(Beginning of INFORMATION PROVIDED)

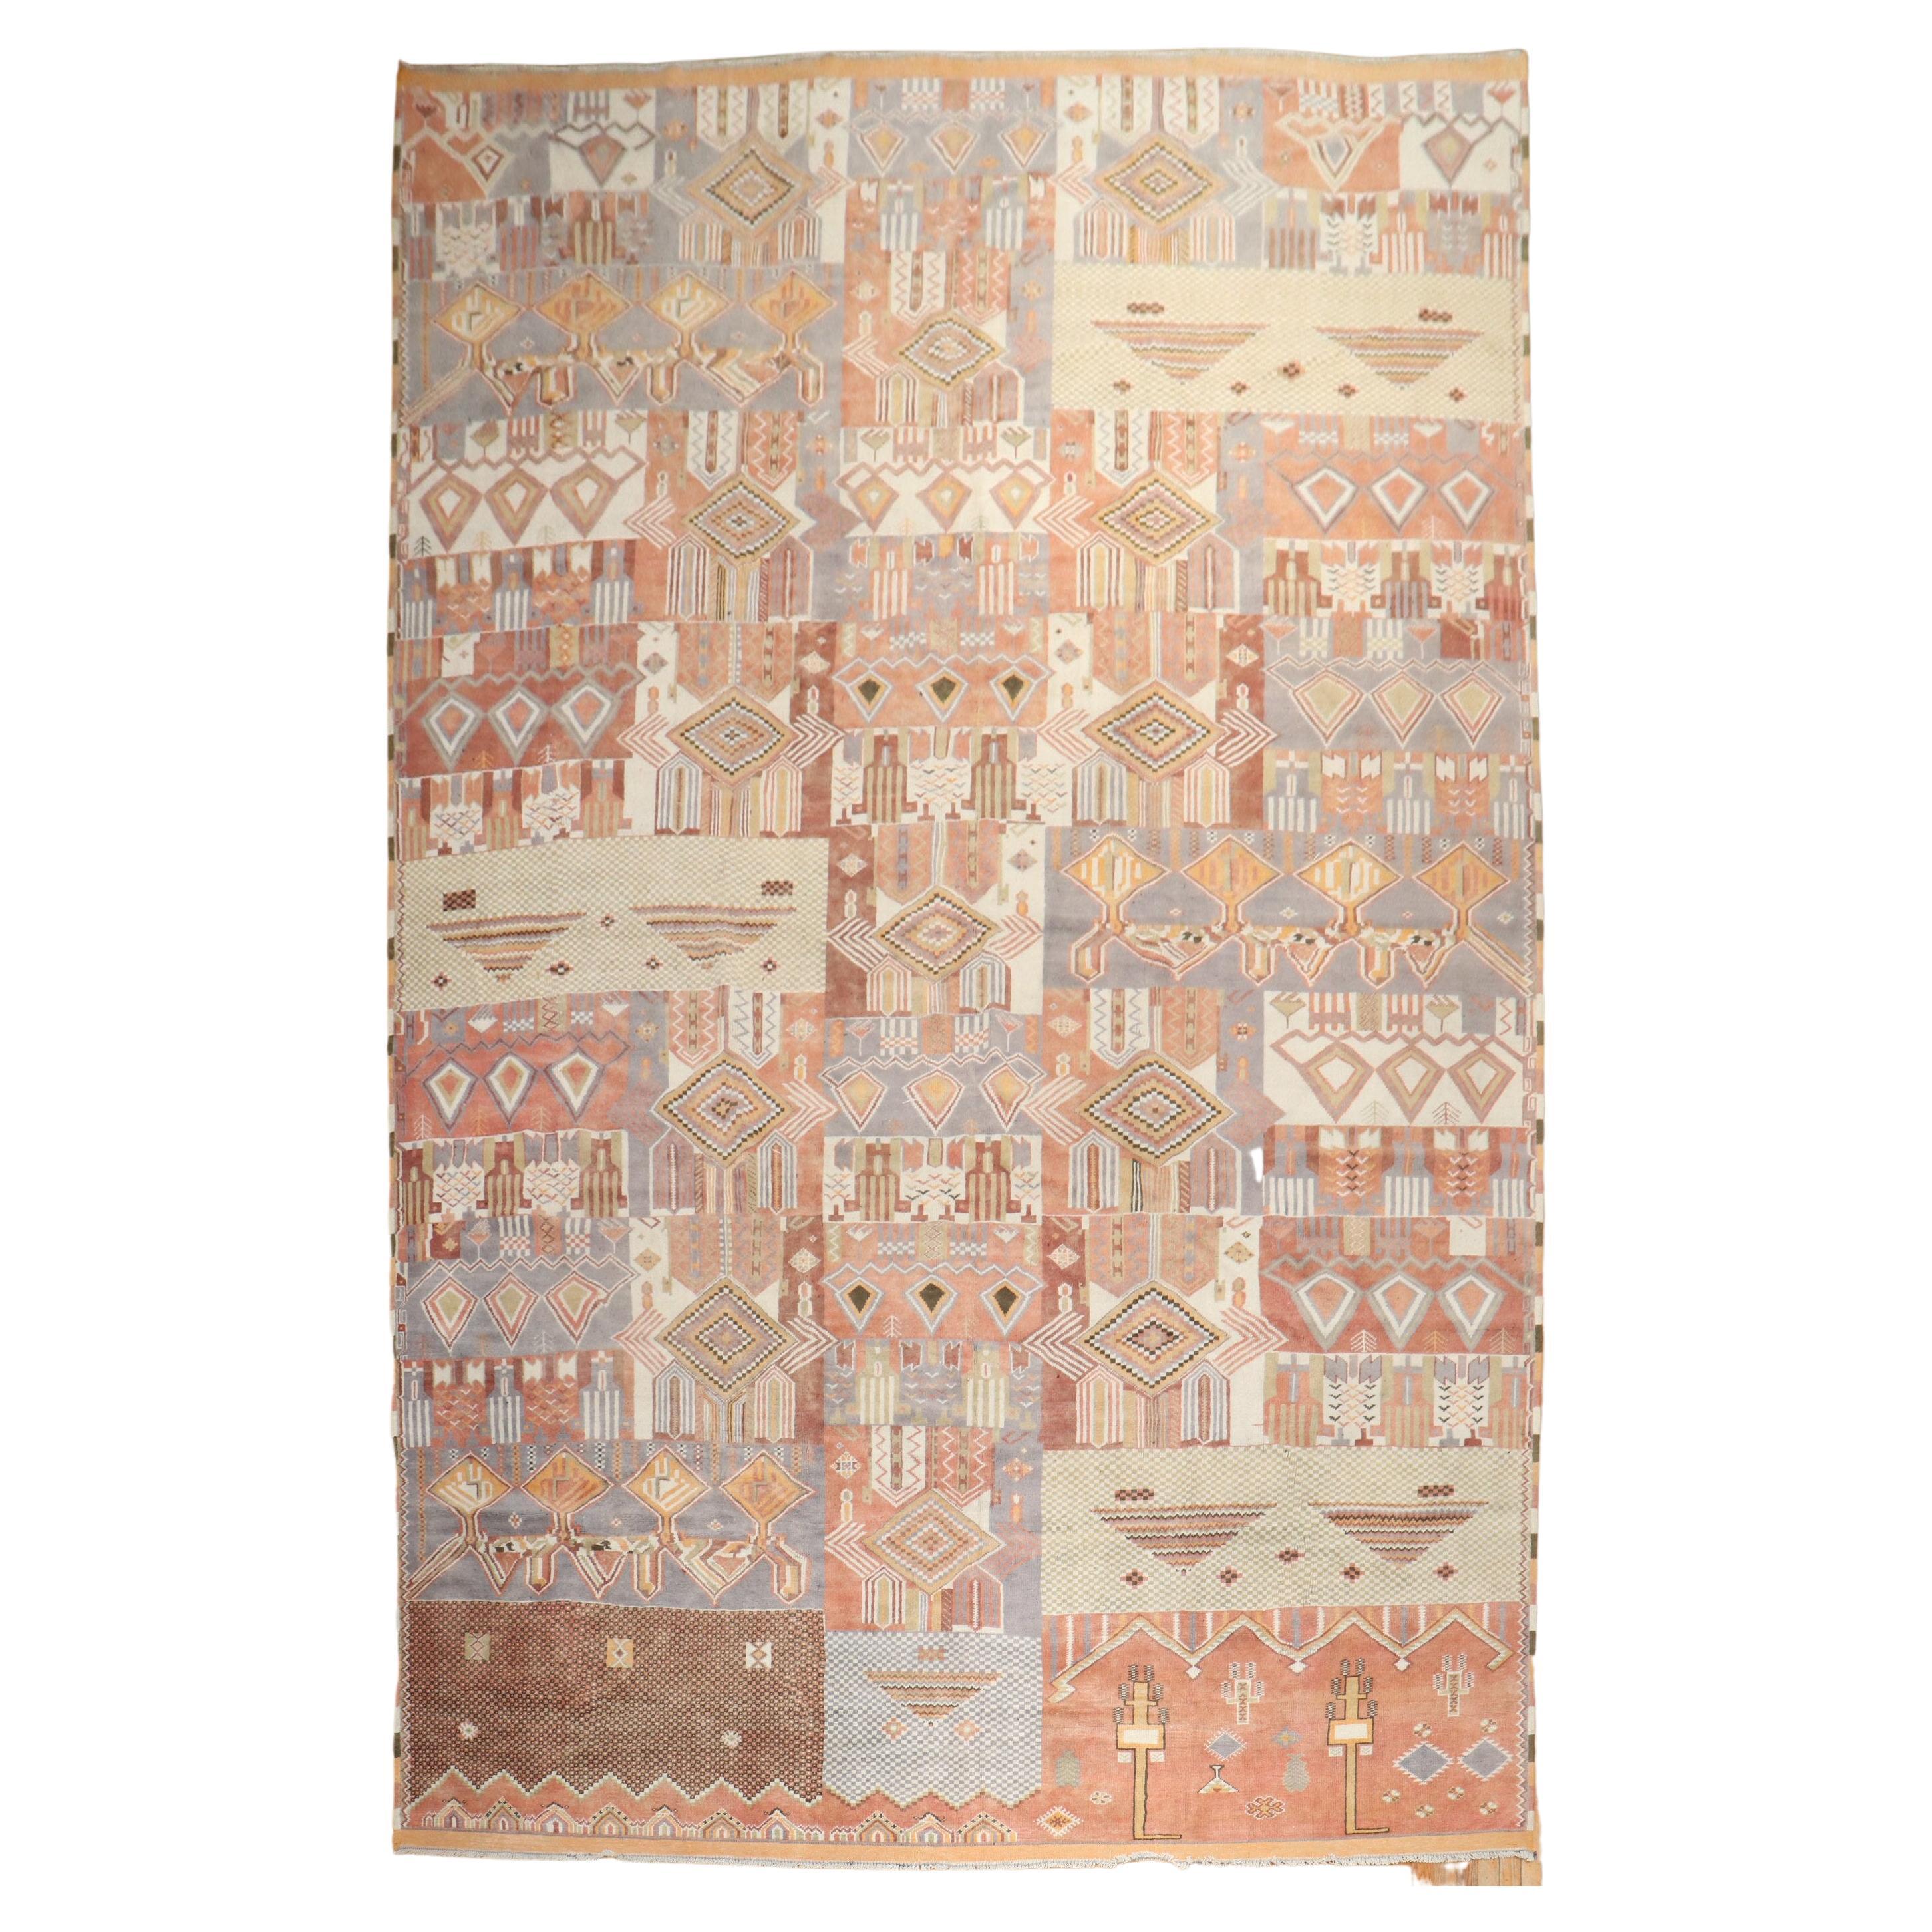 A whimsical oversize Moroccan Rug from the 3rd quarter of the 20th century.

Measures: 9'9'' x 16'.
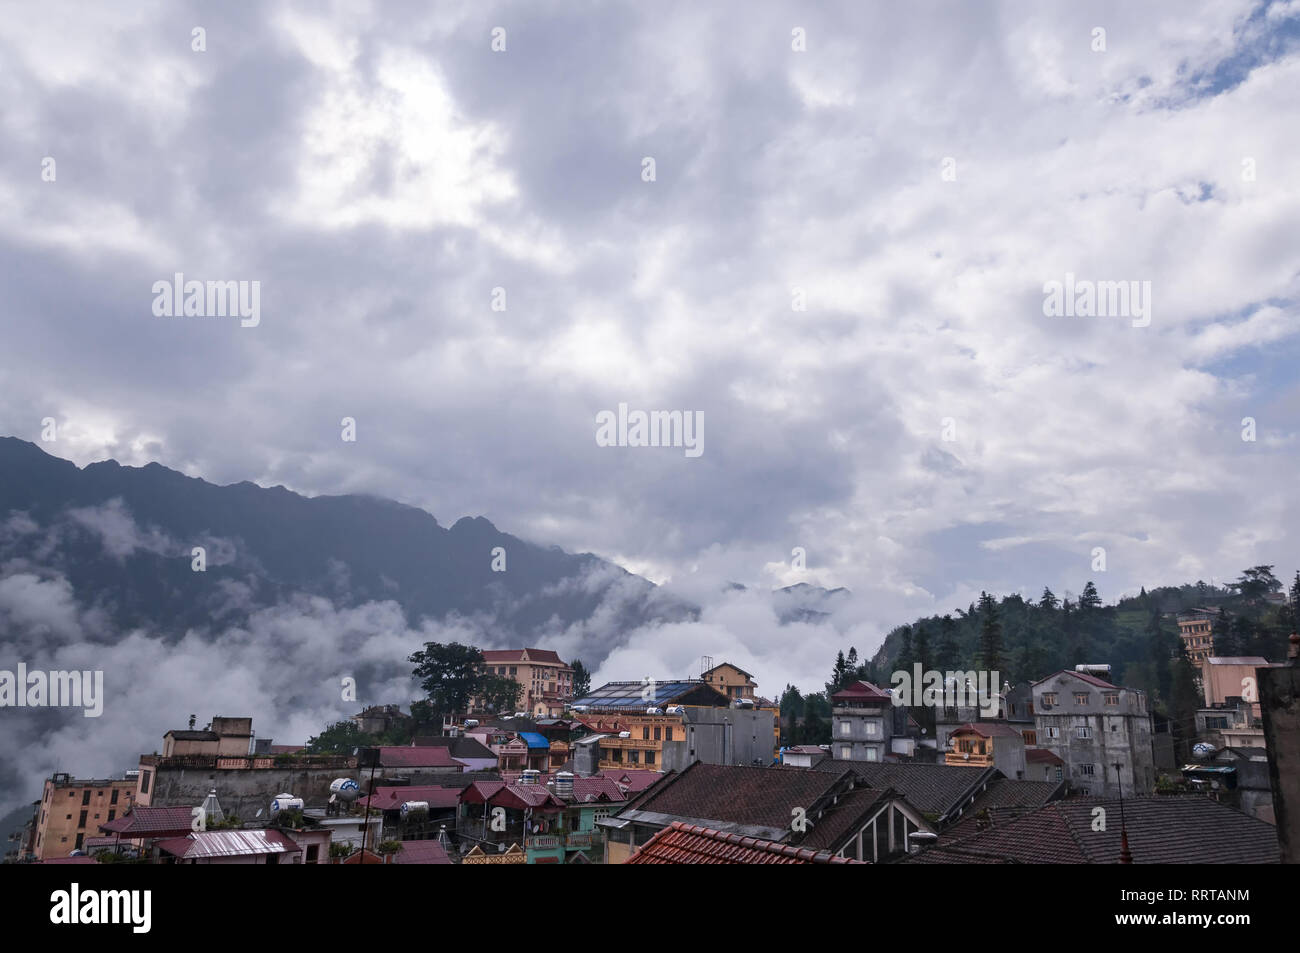 Sa Pa town with Fansipan mountains in background covered in clouds on an overcast afternoon, Vietnam Stock Photo

(End of INFORMATION PROVIDED)

TASK TO COMPLETE — Print the data exactly as written, dropping any images it holds.

ANSWER SECTION —
 A whimsical oversize Moroccan Rug from the 3rd quarter of the 20th century.

Measures: 9'9'' x 16'.
 Sa Pa town with Fansipan mountains in background covered in clouds on an overcast afternoon, Vietnam Stock Photo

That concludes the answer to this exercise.